Diary of a Young Farmer: Artichokes

Recently, Zoë Bradbury left her urban job in Portland to start farming on the south coast of Oregon. She’ll be blogging here about her experience as a young farmer for the rest of the season. Below is the first entry in Diary of a Young Farmer.

ARTICHOKES

Thirty-odd years ago my parents headed north from San Francisco on Highway 101 and ended up in a little town called Bandon on the southern Oregon coast. What started as a weekend road trip ended with them dropping out of college and buying a short order restaurant.

After six months of serving milkshakes and greasy burgers to the after-church crowd on Sundays, they traded the dumpy little restaurant perched over the Pacific for 40 acres and a run-down farmhouse on Floras Creek.

It was my dad’s idea. My mom cried when she saw the place. They weren’t tears of joy.

The place evolved. With some friends, my mom took a chainsaw to all the interior walls and opened the house up. In the yard she built raised beds, put in a pyramid of strawberries, and got a couple of artichoke divisions from a friend on Short Street.

The garden grew. My sister and I were born. Once we had teeth, we ate artichokes each spring.

When I bought my own house in Portland five years ago, my mom dug into the artichoke bed, pried a few loose, and gave them to me along with some raspberry canes. I turned over all the grass in the backyard and put her plants in the ground—the same genetic stock that had fed me for 25 years.

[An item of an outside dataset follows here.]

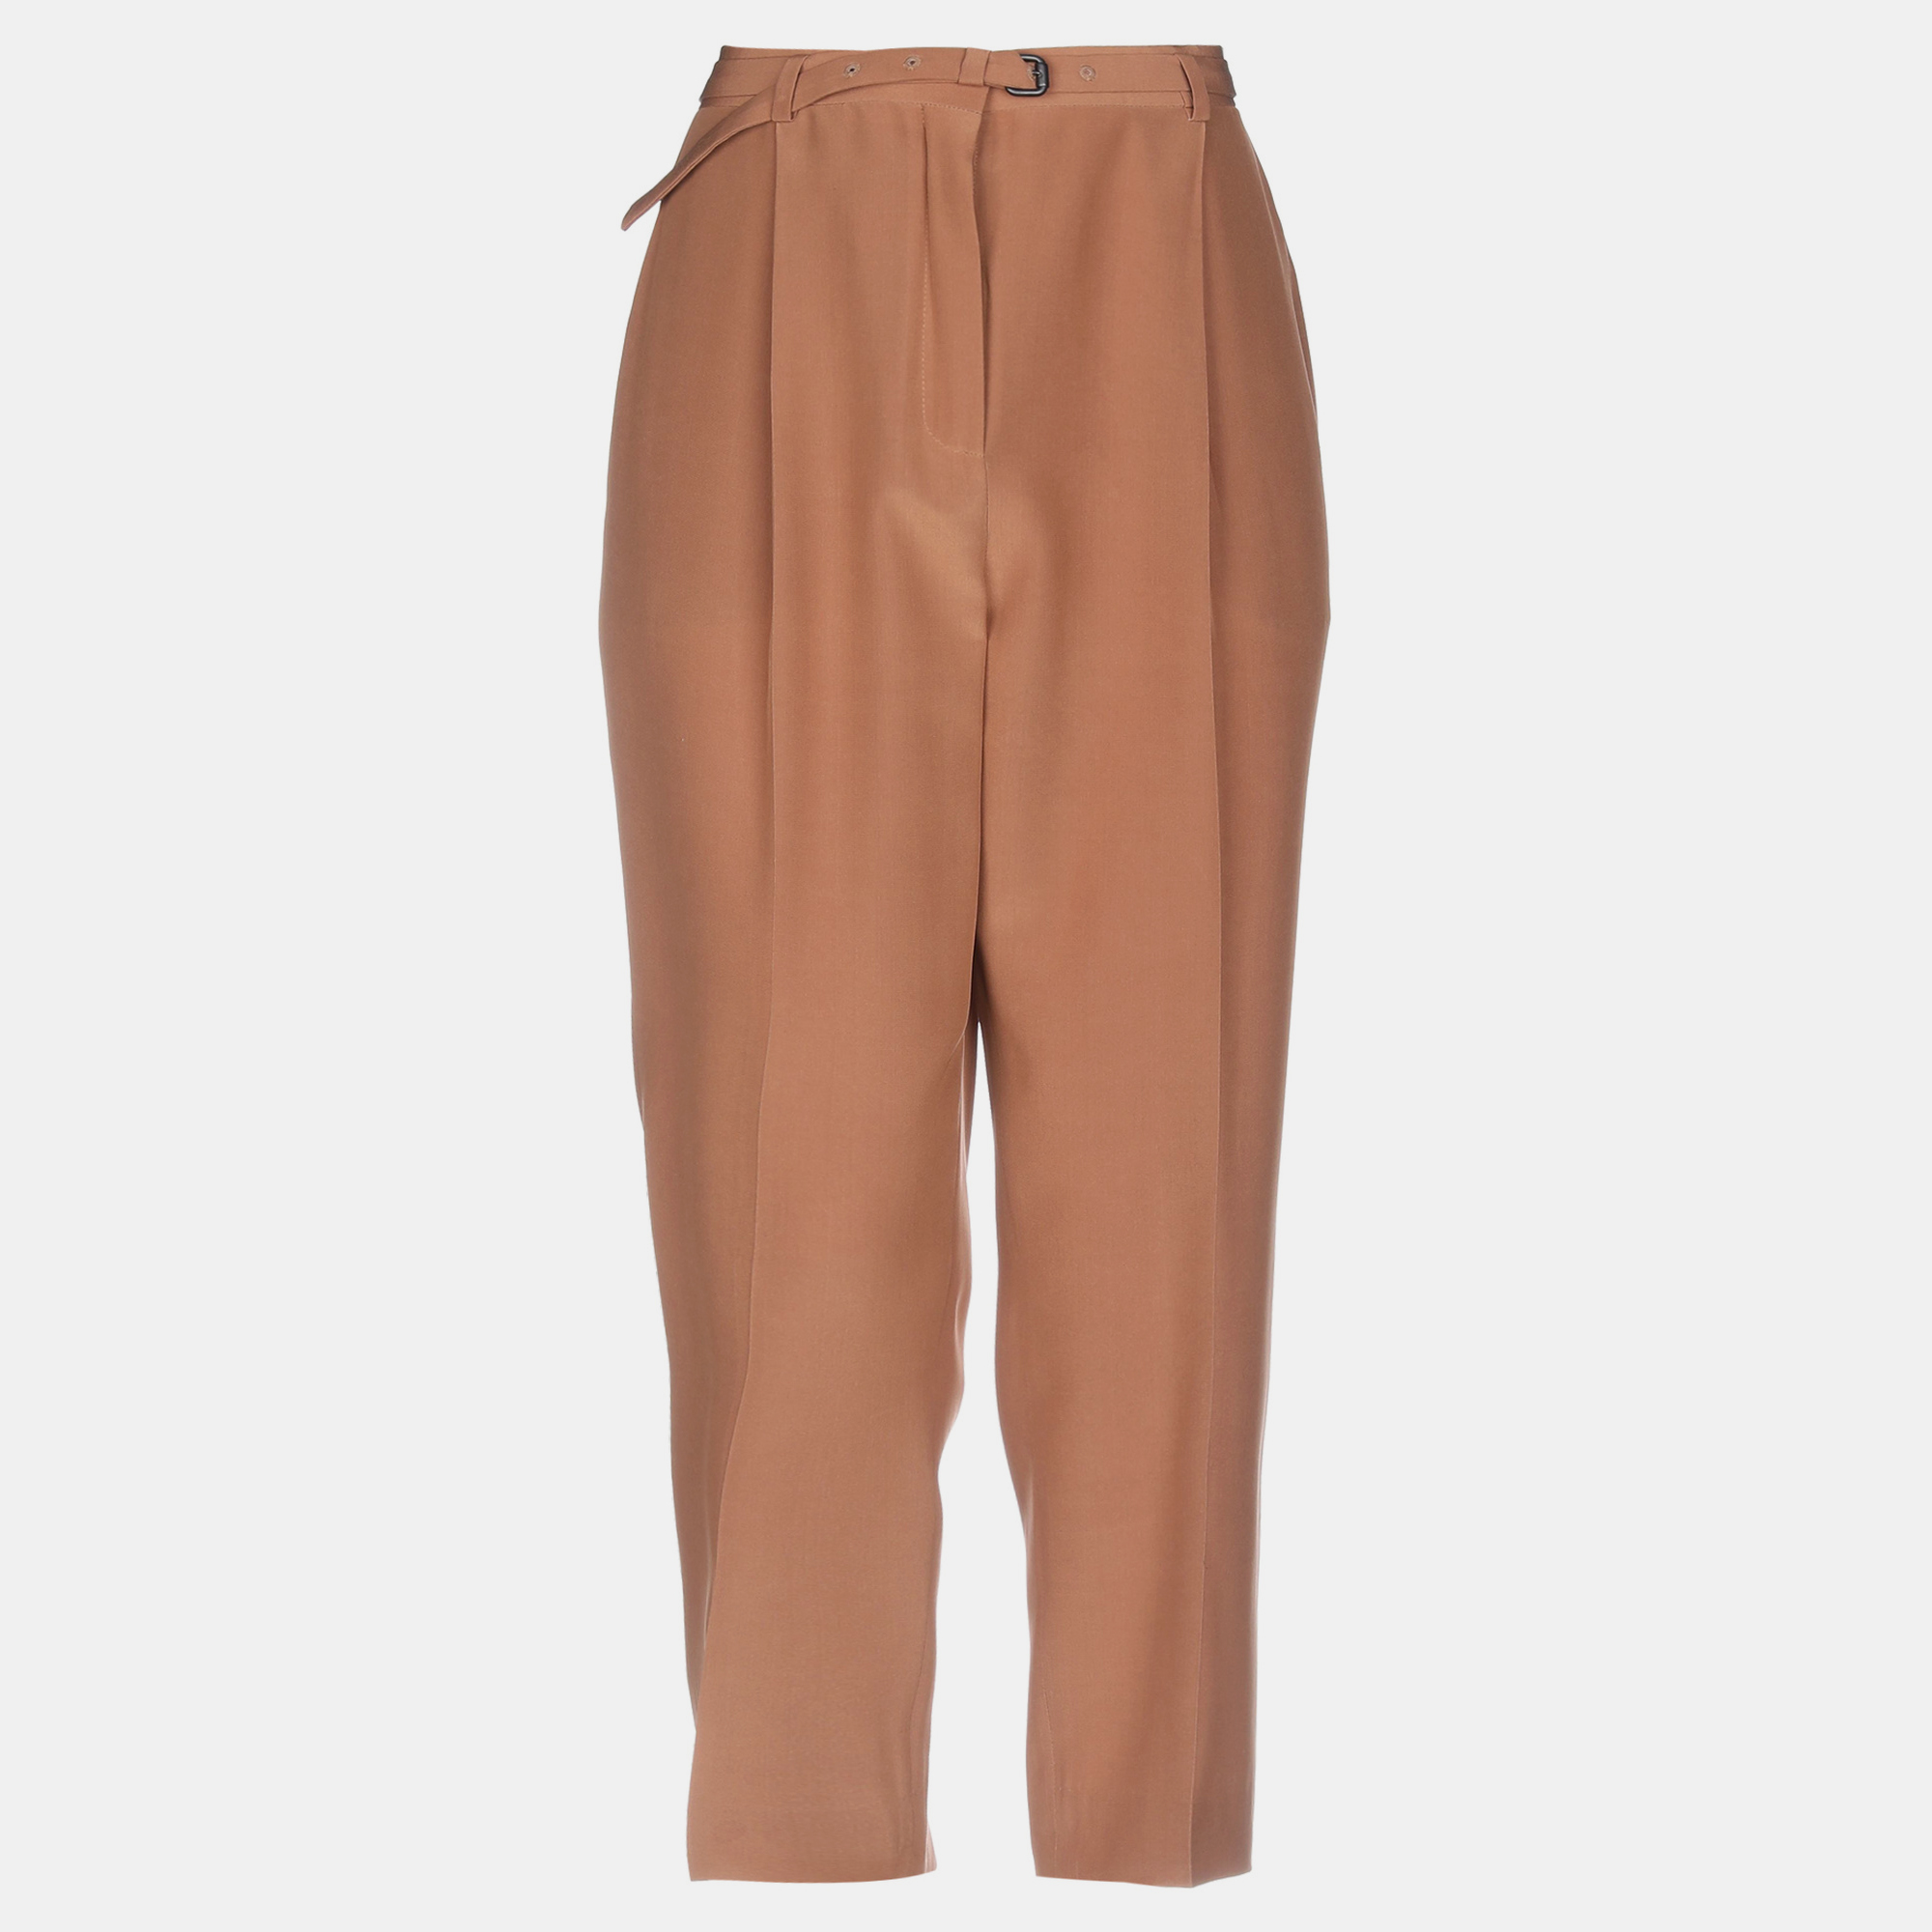 Bottega veneta brown crepe trousers size 42

They divided and grew and chokes shot up each spring like the Statue of Liberty’s torch. I don’t have a clue what the variety is: pointy-leaves tipped with sharp spines, dark green fists, the world’s best vehicle for melted butter.

Last week, I was in Portland packing up my house to move, and I took the shovel to the artichokes again.

I pulled up to my new greenhouse on Floras Creek today with a riot of saw-toothed artichoke divisions in the back of the truck, teased them apart into one-gallon transplant pots, and officially began my first season farming for myself, next door to my mom and sister. It seemed like the perfect thing to do on a leap day.

After our five-year stint up north together, me and the chokes have finally come full circle back to home turf. We’re planning on staying awhile.